Pay No Attention to That Man Behind the Curtain: Insurance Companies Hide Behind Litigation Veil
By Amy S. York, Esq. and Gregory S. Porter
This famous line is ingrained in our pop culture and is used when someone wants us to pay attention to the illusion rather than the reality of a situation.
In personal injury litigation, “that man behind the curtain” is the defendant’s insurance company.
Now the injured person is called a plaintiff and the at-fault driver is called the defendant. The defendant is represented by an attorney that is typically chosen and paid for by his insurance company. An insurance adjuster is involved in every step of the lawsuit and is generally required by the court to be present at any settlement conference or mediation. The insurance company decides whether to settle with a plaintiff and how much compensation (also called damages or money) to offer the victim. The insurance company is directly involved in the investigation into the incident and in the preparation for trial.
But when trial comes – *poof* – the insurance company disappears behind the curtain.
When the trial begins, the plaintiff sits at one table and the defendant at another. The insurance company is nowhere to be found. And that is exactly how Texas law likes it.
Texas Rule of Evidence 411 prohibits a plaintiff from introducing evidence that a defendant was insured against liability. This rule basically stops every single jury from hearing this evidence because Texas requires every driver to carry insurance. In other words, every defendant has a man behind the curtain and no jury is allowed to know about it.
Even though any verdict that is within the defendant’s policy limits will be paid by the insurance company, juries are led to believe that the defendant must pay damages out of his own pocket. Asked by the defense attorney to imagine themselves in the defendant’s shoes, jurors are reluctant to award large verdicts to plaintiffs because they wonder, “How is this defendant going to afford this? Why should we ruin two lives? The plaintiff is already injured, why injure the defendant as well?”

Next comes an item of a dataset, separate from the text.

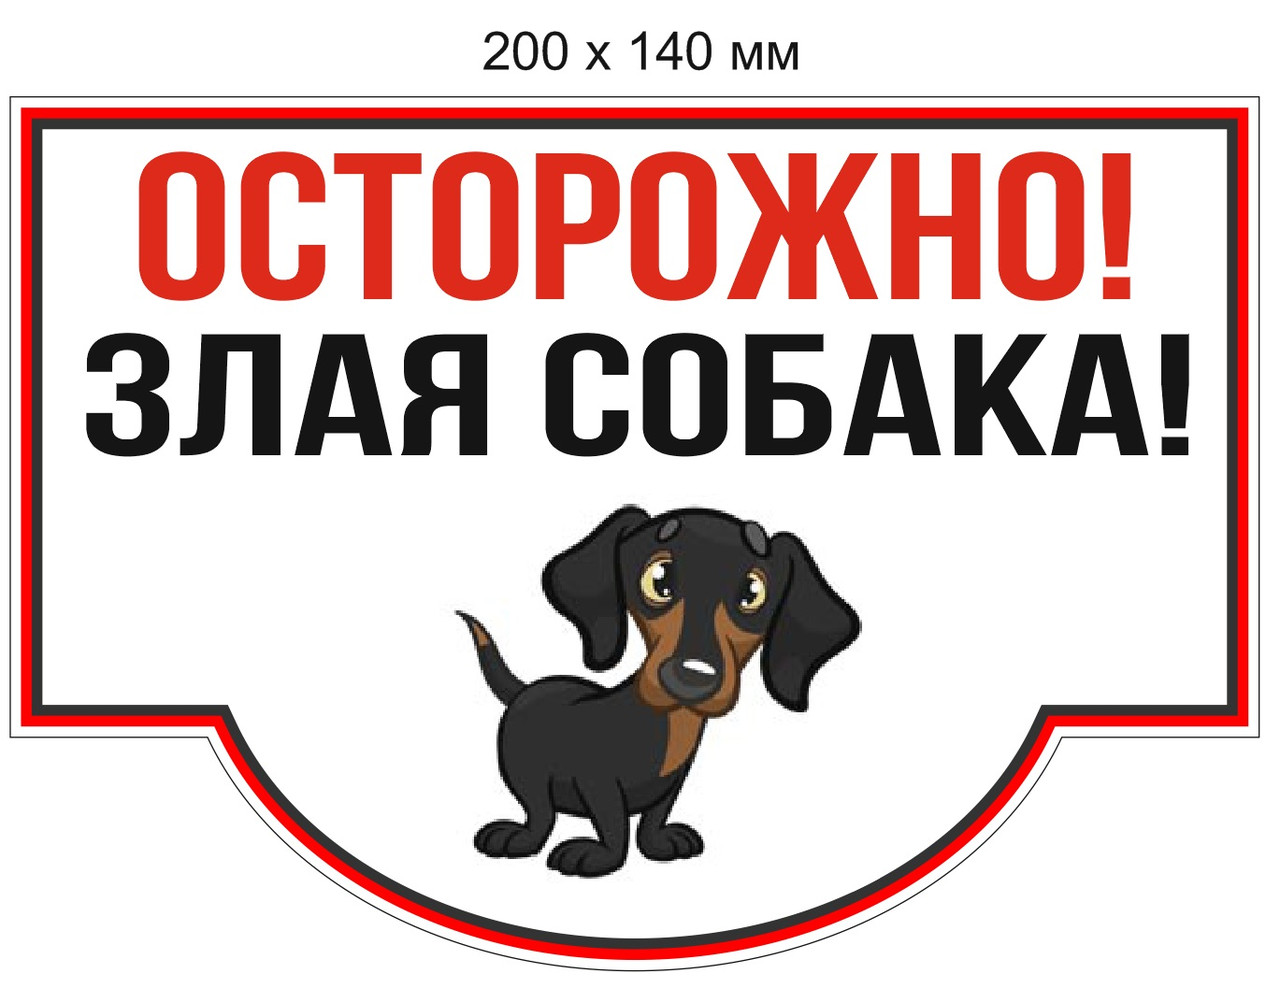 Табличка (200 х 140 мм) "Осторожно! Злая собака". Минимальный заказ - 3 шт. (Цена указана за 1 шт.)

While the jury weighs one person’s medical and property damages against another person’s ability to pay, the insurance company is behind the curtain, hidden from view, but pulling all the strings and orchestrating the illusion.
This tactic is not only legal, it is highly profitable for the insurance companies.
As long as these giant insurance companies are allowed to hide behind the Average Joe, jurors are denied the ability to see the big picture and make decisions that are truly fair and unbiased. Plaintiffs continue to suffer not only the debilitating injuries and recurring nightmares sustained in the accidents themselves, but also the subsequent and similarly defeating denials of justice at the hands of juries lacking insight into the true situation.
Amy S. York is an attorney and guest-blogger for Dobbs & Porter, PLLC.